Por: Rafael A. Escotto
Cuando escucho desde lejos el llanto de una pluma pienso que la palabra de un ángel de la luz está muriendo. La fuerza de sus poemas era como los rayos que despiden la luz a través de un prisma que ilumina a los seres humanos.
Sobre la muerte del poeta Antonio Lockward Artiles su genio literario me obliga a escribir, como el poeta santiagués Dionisio López Cabral a César Vallejo: «El ayer/salvaje/de tu estirpe/ilumina/el horizonte».
Al ver el cadáver de un poeta de la luz metido en un sarcófago no alcanzo a comprender lo que ven mis ojos; entonces, en ese enigma exclamo, como Vallejo: «Hay golpes en la vida, tan fuertes… ¡Yo no sé! Abren zanjas oscuras en el rostro más fiero y en el lomo más fuerte. Serán tal vez los potros de bárbaros Atilas o los heraldos negros que nos manda la muerte».

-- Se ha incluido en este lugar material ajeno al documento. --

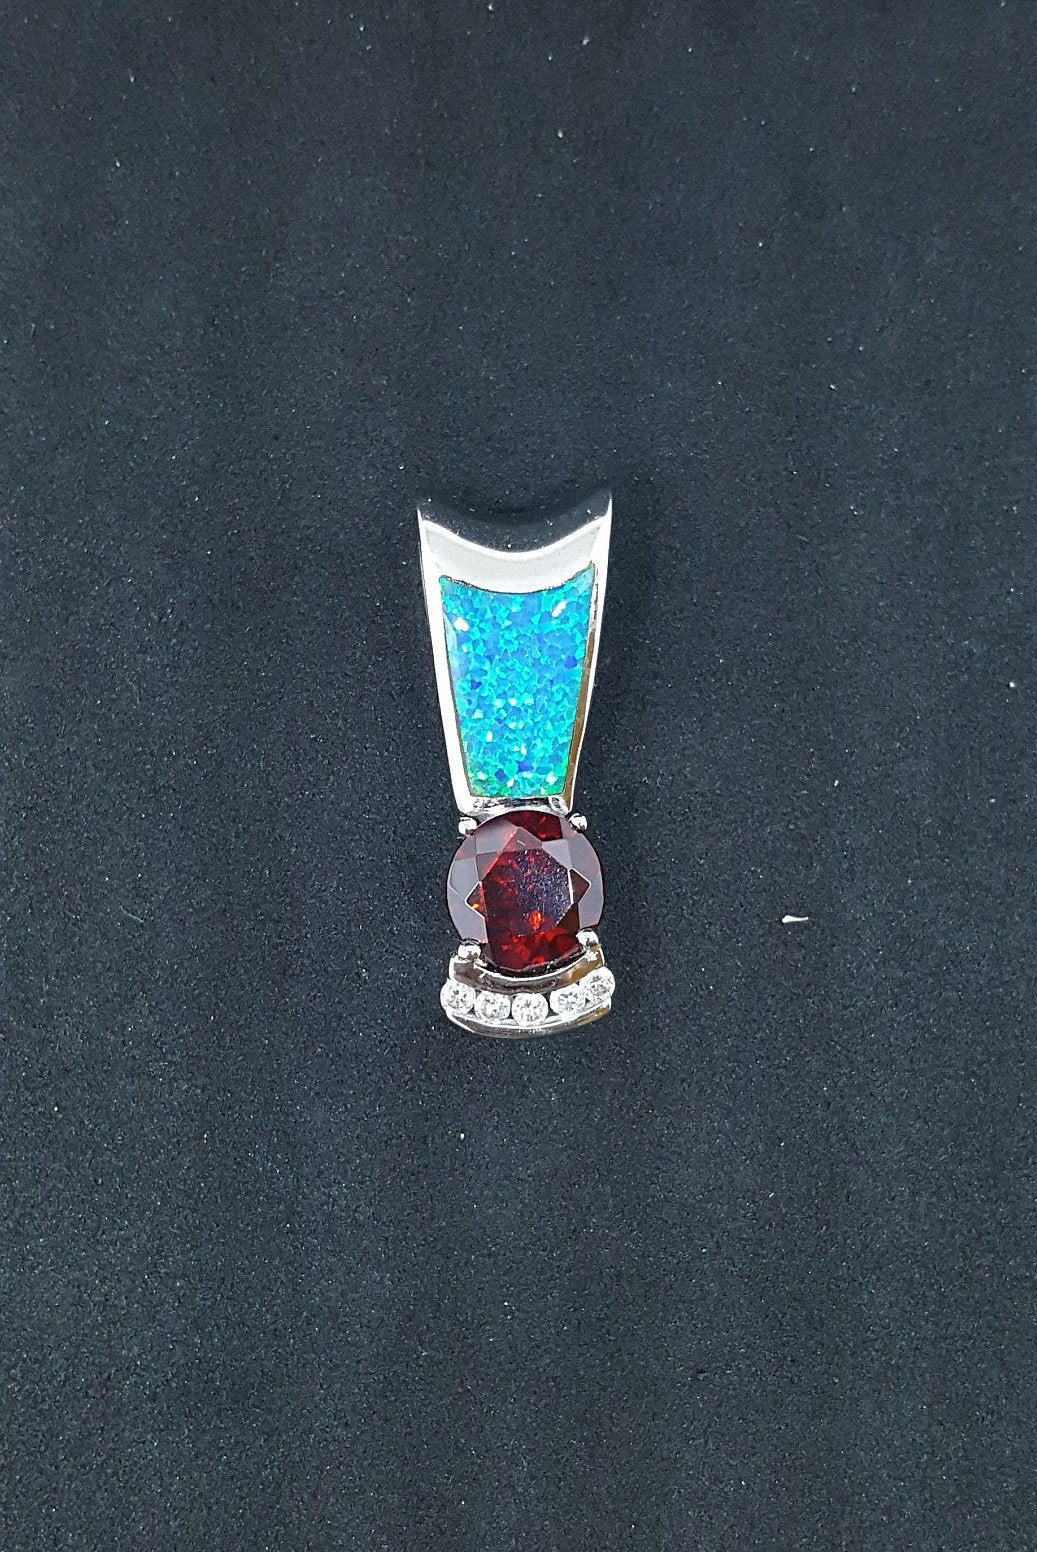 Blue Fire Opal CZ Garnet long thin oval shape sterling silver pendant necklace
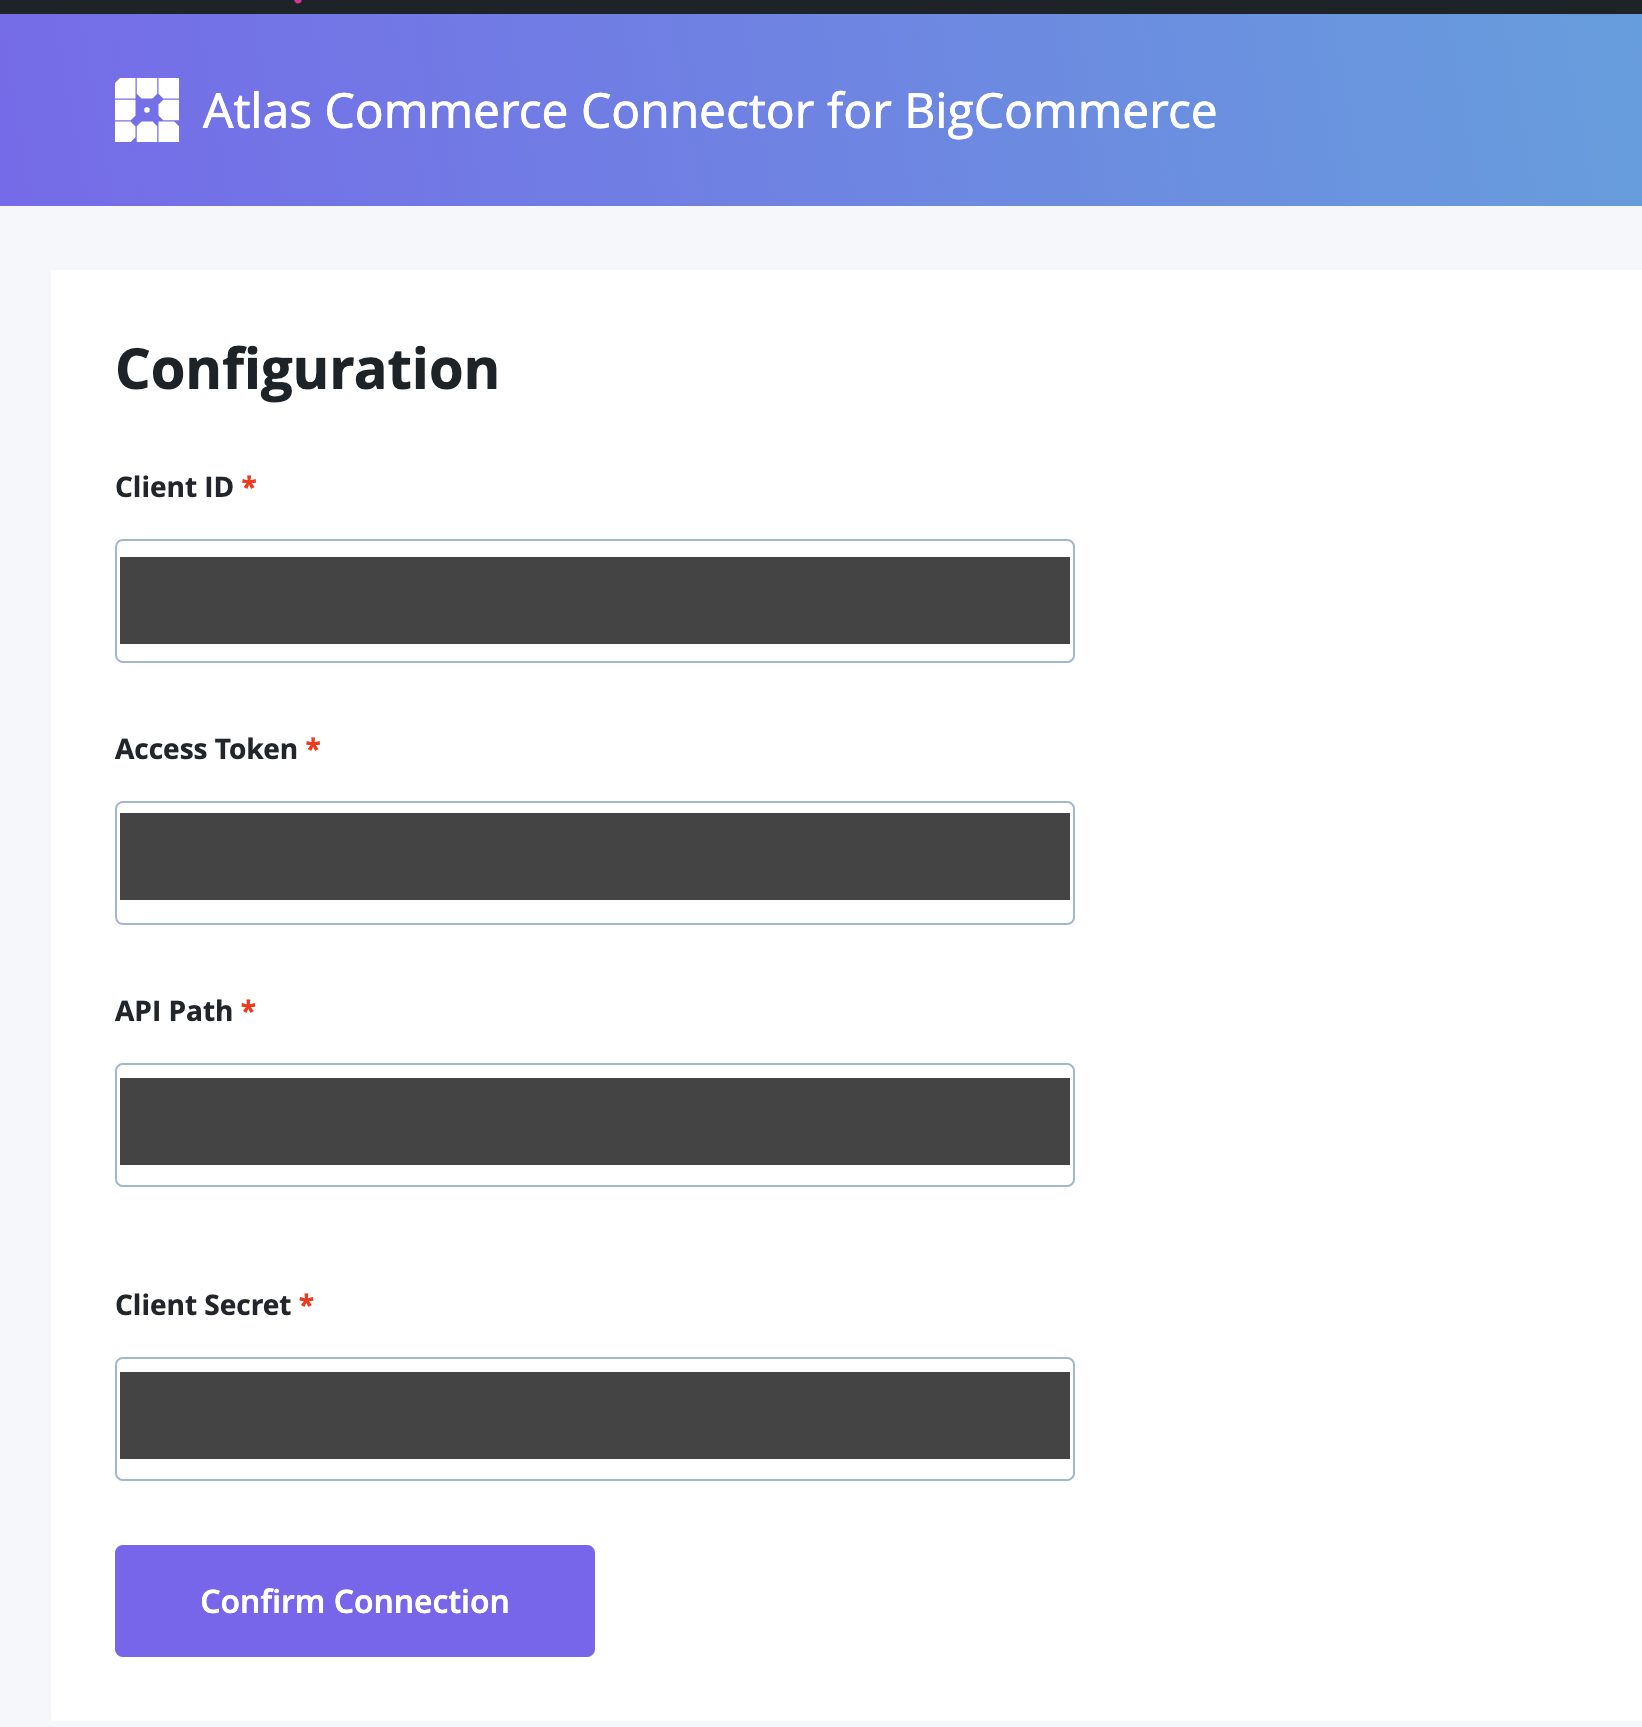 Atlas Commerce Connector Configuration

En medio de aquellos gritos de sepulcros en una de las calles de un cementerio se me presenta el poeta Lockward Artiles vistiendo el traje negro de Stephen King, el escritor estadounidense. Me acerco de nuevo apenado a observar incrédulo el cadáver de Antonio Lockward Artiles reposando en aquel ataúd de majestuosa madera de cedro y se me revela inesperadamente el rostro de Miguel Alfonseca, el poeta de «Arribo de la luz», un verso dedicado a los mártires de la expedición de 1959. Inmediatamente pensé que me habían robado el velatorio. En ese instante reflexiono sobre un discurso poético de Tomás Modesto Galán en el que «la muerte literaria es intrascendente».
Vuelvo la mirada sobre el occiso y observo su pluma de oro reposando sobre su pecho. Es en aquel momento cuando comprendo que nuestro poeta Lockward Artiles había fallecido, no así su sutil y extraordinaria pluma con la que escribió versos de fuego y de conciencia.
Me quedo contemplando la cara intrascendente del poeta y veo en ella descifrable el signo de nuestro mundo recóndito. Entonces me refugio en la muerte de Benedetti con su cara triste, de un niño, y figuro a Lockward Artiles «sin motivo, sin miedo, sin fervor, un pobre niño viejo, que se parece a Dios».
En ese silencio triste en el que nos deja el poeta de grandes jornadas literarias presiento su alma encumbrarse por el altísimo cielo azul, de decorado trono, al que a veces le trenzan nubes y le envuelve el horizonte, hermoso y natural, como aquel paisaje de García Lorca, de olivos y de luceros fríos.
En medio de aquella honda tristeza entro como en un sueño y observo una figura envuelta en unas nubes blancas simbolizando el descenso de Jesús. Era la figura de René del Risco que estaba en aquel lugar sacramental recibiendo Antonio Lockward Artiles, el poeta amigo de tantas luchas, de tantas críticas literarias, de tanto humanismo filológico.
Los tres, Alfonseca, del Risco y Lockward, fueron vistos y apreciados en la literatura dominicana como si hubiese sido aquel crítico literario griego perteneciente al Renacentismo, Dionisio de Halicarnaso, creador del análisis estilístico.
De pronto, aquella tarde de despedida en el cementerio siento un viento frío que roza mi piel. Entonces me digo, como René del Risco Bermúdez: «Debo saludar la tarde desde lo alto/poner mis palabras del lado de la vida/y confundirme con los hombres/por calles en donde empieza a caer la noche».